As the years progress, I feel like my H is getting grouchier and grouchier. He is 32. We both work FT (a lot of times overtime), we have two young children, so yes our lives are stressful at times. I love him and try to be positive and uplifting around him, despite his bad attitude. It can wear on me at times though. I deal with a chronic illness (not yet given a definitive diagnosis, but actively working with doctors to get one) and despite how I feel 99% of the time, I still try to remain upbeat and positive in our home. If for nothing else, than for our childrens sake. I grew up with a very negative/pessimistic mother and father, always talking about worst case scenarios and teaching me to see the glass half empty. So I am a bit sensitive to this type of thinking and don't really want my children to grow up in the same environment that I did. I am a realist, but I think you can teach your children to be realistic and also be able to find the good in things at the same time. 

Anyway - trying to think of what else might be relevant to his attitude: Our sex life is about 1 time a week.

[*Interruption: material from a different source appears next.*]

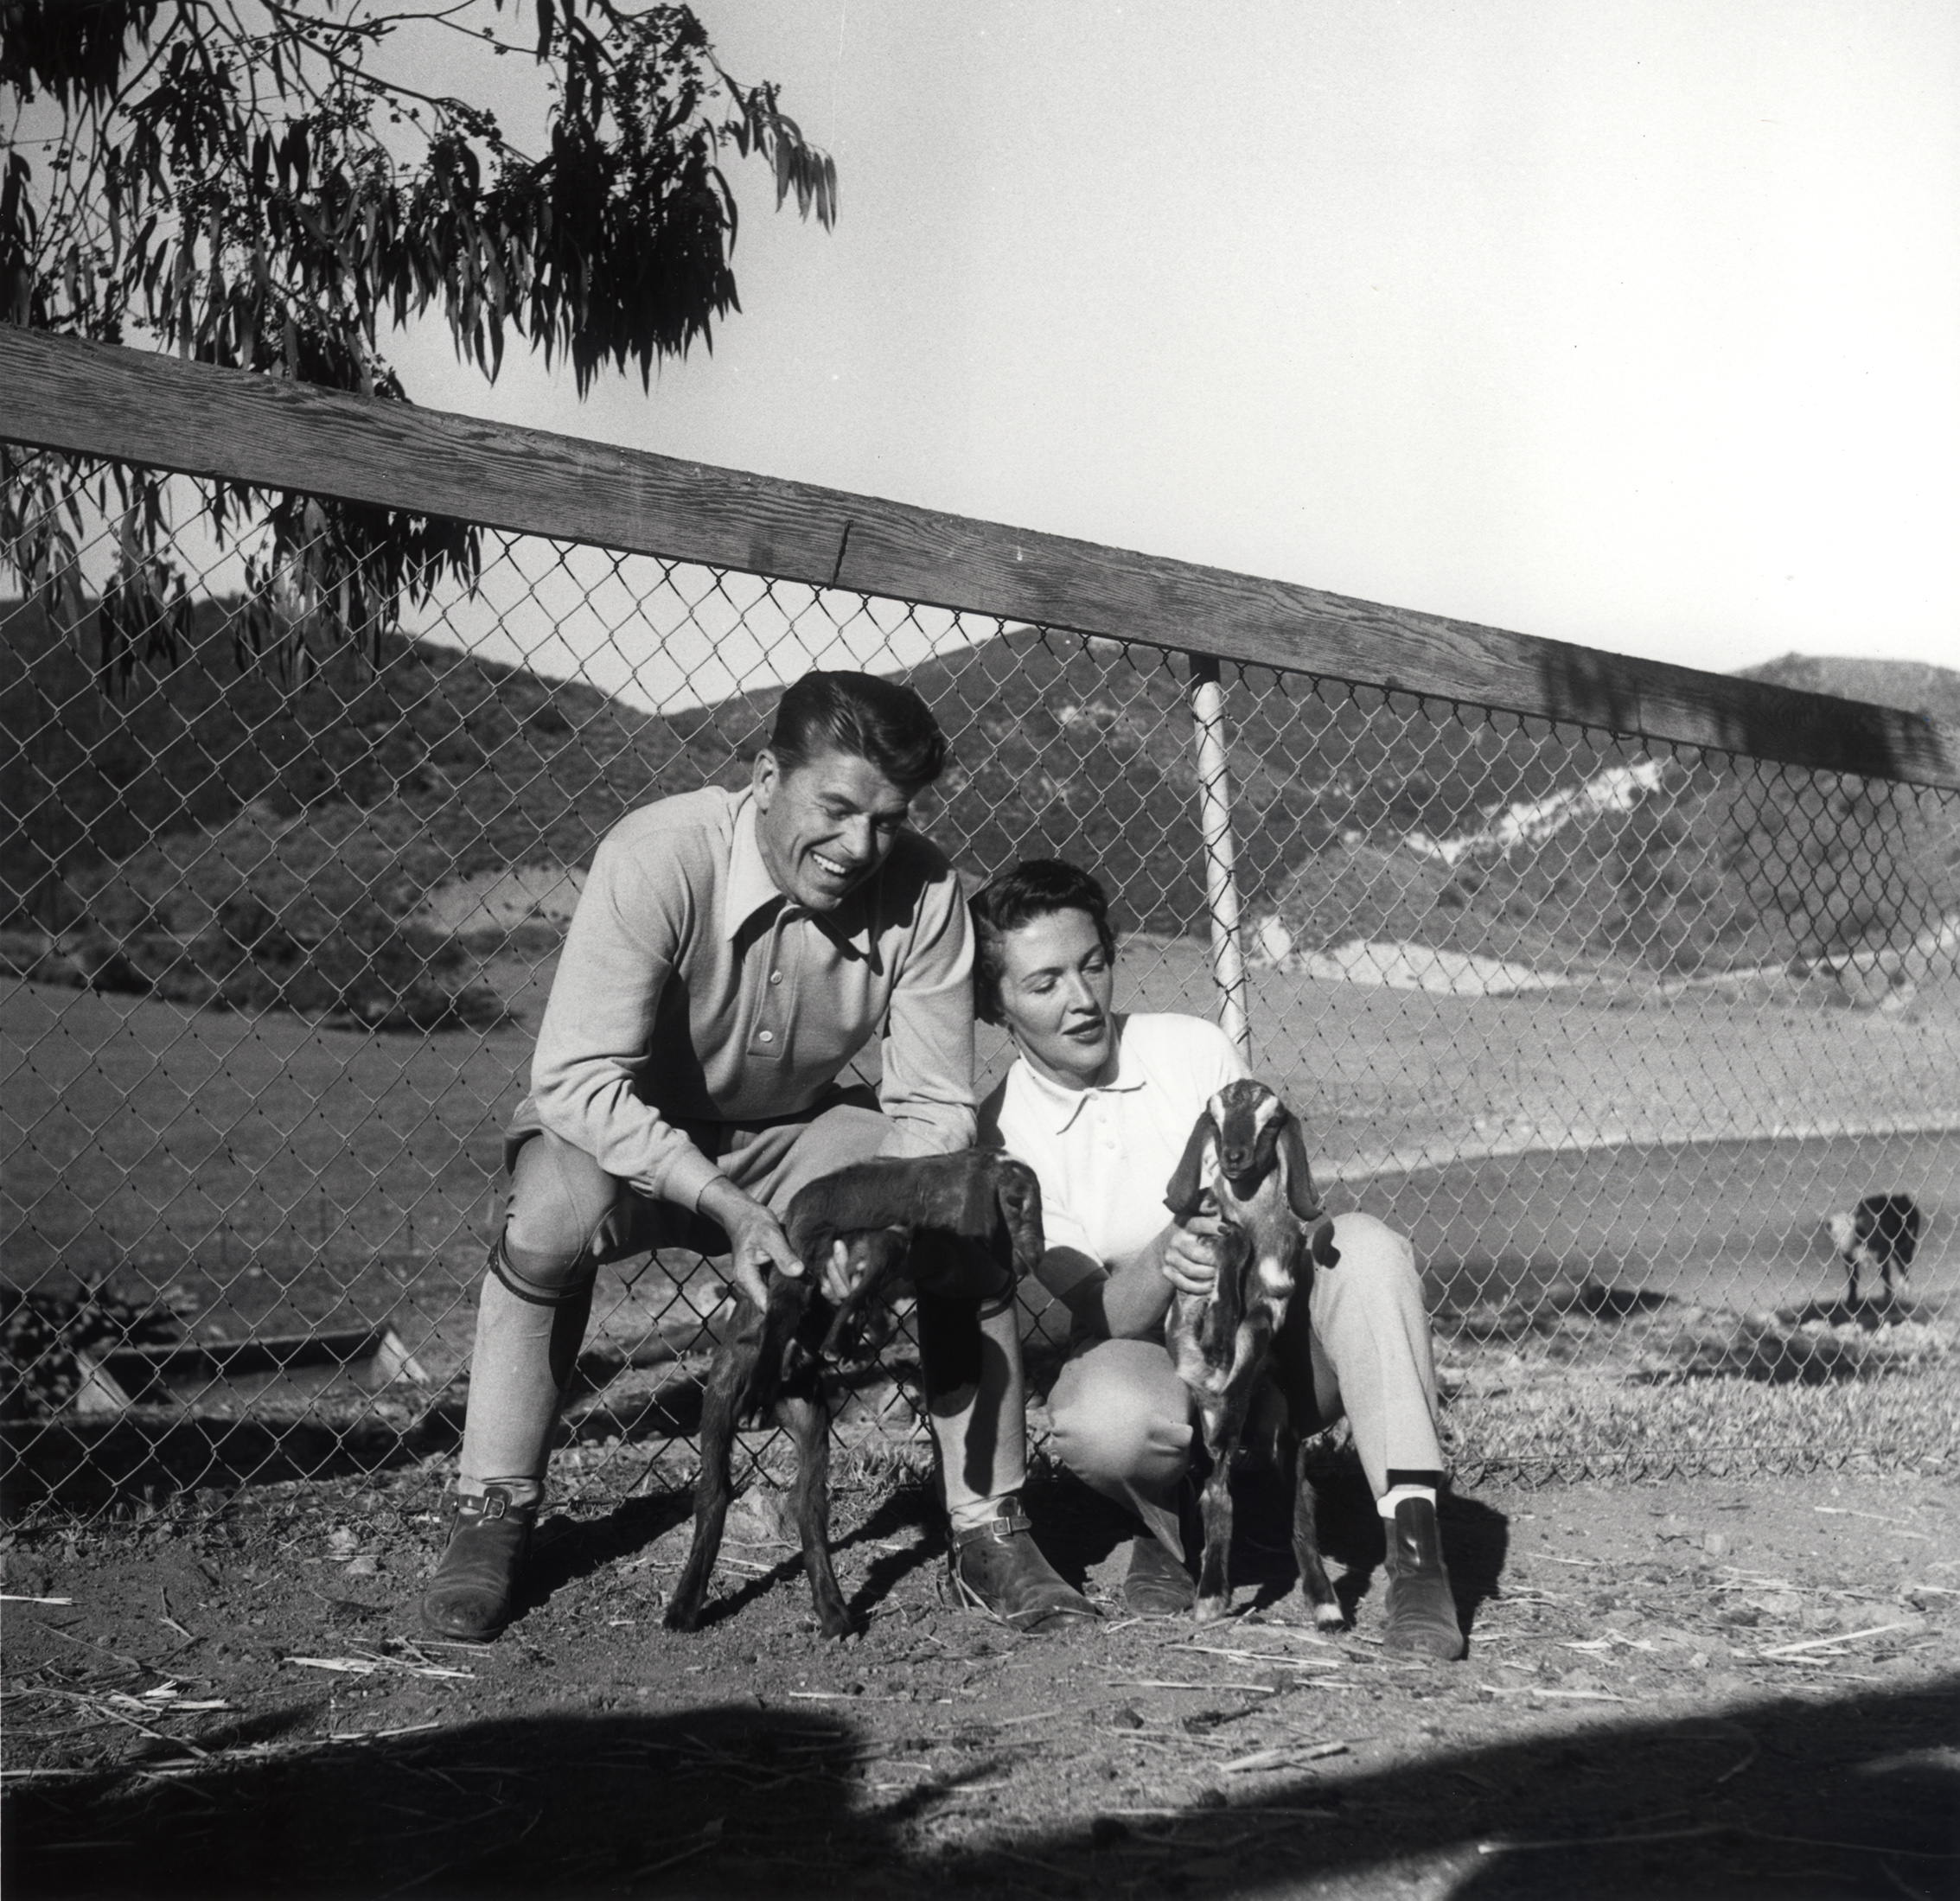 Ronald Reagan and Nancy Reagan posing with their goats “Nubie” and “Heidi” at Malibu Canyon Ranch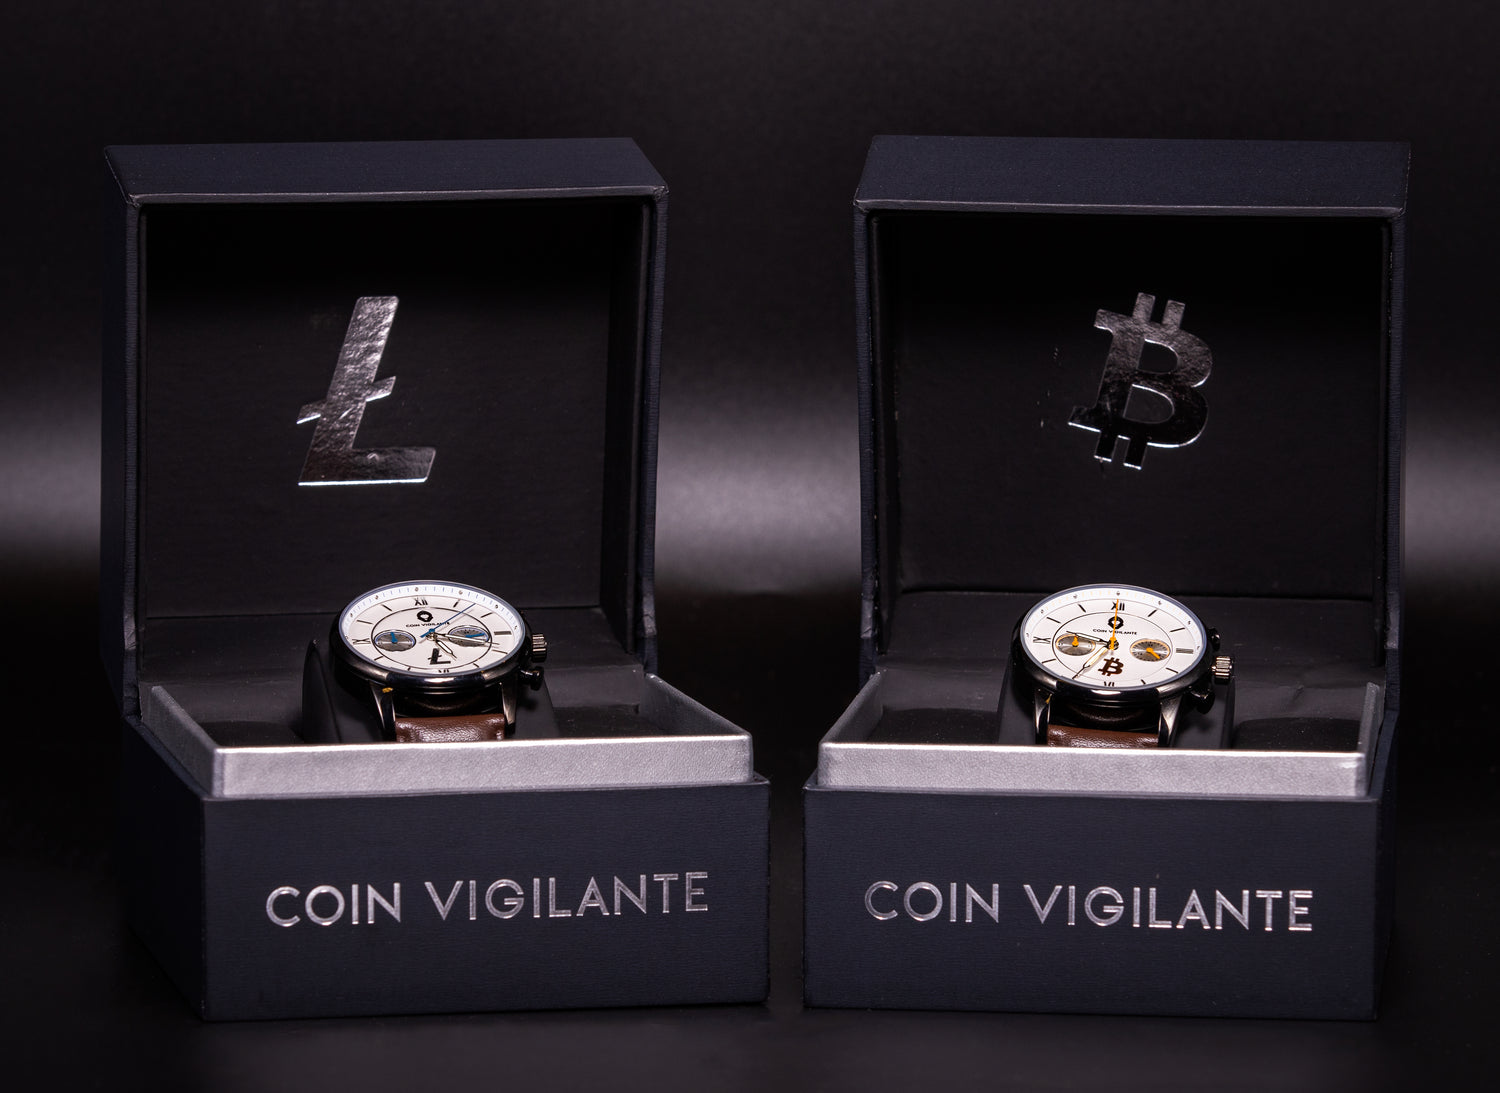 The Litecoin and Bitcoin Watches by Coin Vigilante

I would like it more, but he has not been up for it recently. (Says he is too tired, doesn't have any desire for it more than that.) I am on SSRI's and shocked that my drive is actually going up in recent weeks (probably because I am finally starting to feel a little better) and it has made it apparent that his is tapering off. Is that normal for a 32 year old guy? Maybe his prime years are just behind him at this point? He never initiates. I always do. He tries to turn me down gently or participate, but it's clear when he's not up for it, if you know what I mean. No hard feelings on my part - although I do wish he felt better.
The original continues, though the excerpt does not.